Malignant transformation during latent period
Could tumefactive demyelination have transformed into B-cell lymphoma ? In our patient, the radiographic appearance of the lesion changed in conjunction with the biopsy results, suggesting that the lesion itself may have histologically evolved. It has been hypothesized that lymphocytes may become entrapped in the brain following an inflammatory response and may later undergo malignant transformation [2, 12]. However, patients with inflammatory diseases of the CNS have not been shown to have an increased incidence of PCNSL , although there is a well-described increased incidence of lymphoma in patients with systemic inflammatory diseases .

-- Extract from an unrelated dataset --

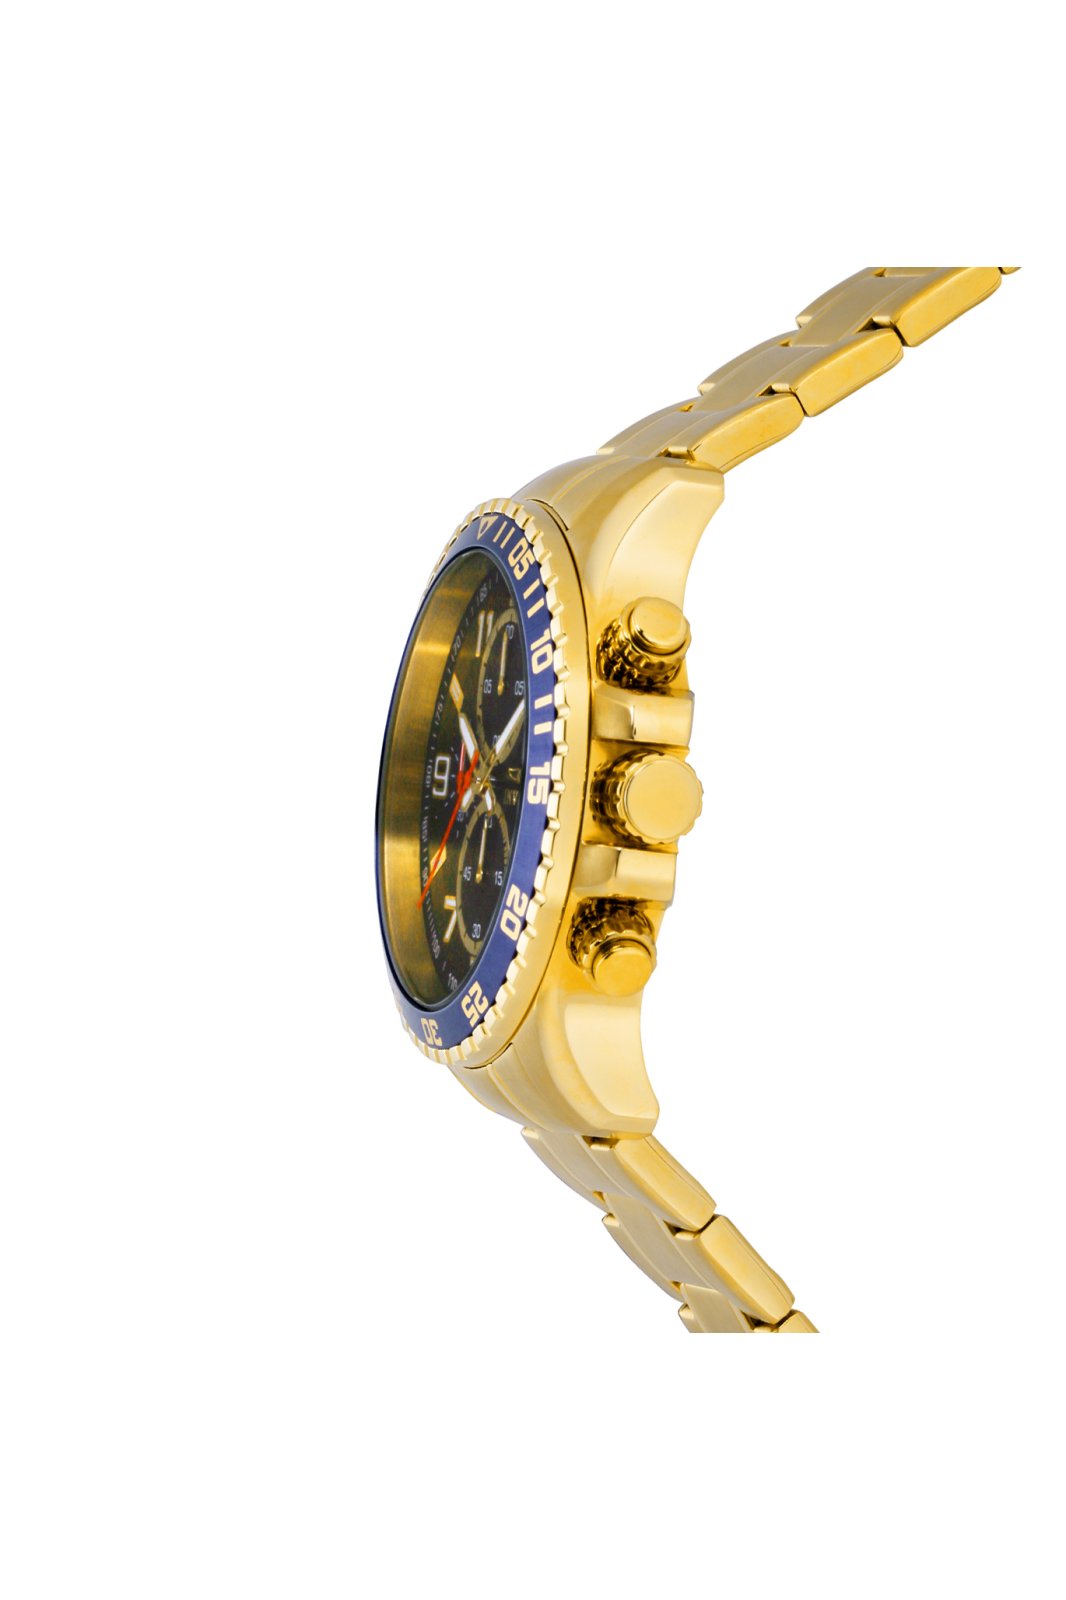 Invicta Watch Specialty 14878 - Official Invicta Store - Buy Online!

Disruption of anti-tumor immune response by corticosteroids
Could the T-cell infiltrates in the initial biopsy have represented a cell-mediated immune response against the lymphoma, thereby masking a diagnosis of PCNSL [4, 11]? This hypothesis would predict that when the host immune system is disrupted by intermittent or prolonged corticosteroid therapy, a “suppressed” neoplastic B-cell clone could emerge from lymphocytic infiltrates .
The observation that the presence of non-malignant infiltrates consisting predominantly of T-cells correlates with improved survival in follicular lymphoma and reports of spontaneous regression of lymphoma in immunocompetent individuals support the existence of a suppressive cell-mediated anti-tumor response [16–18].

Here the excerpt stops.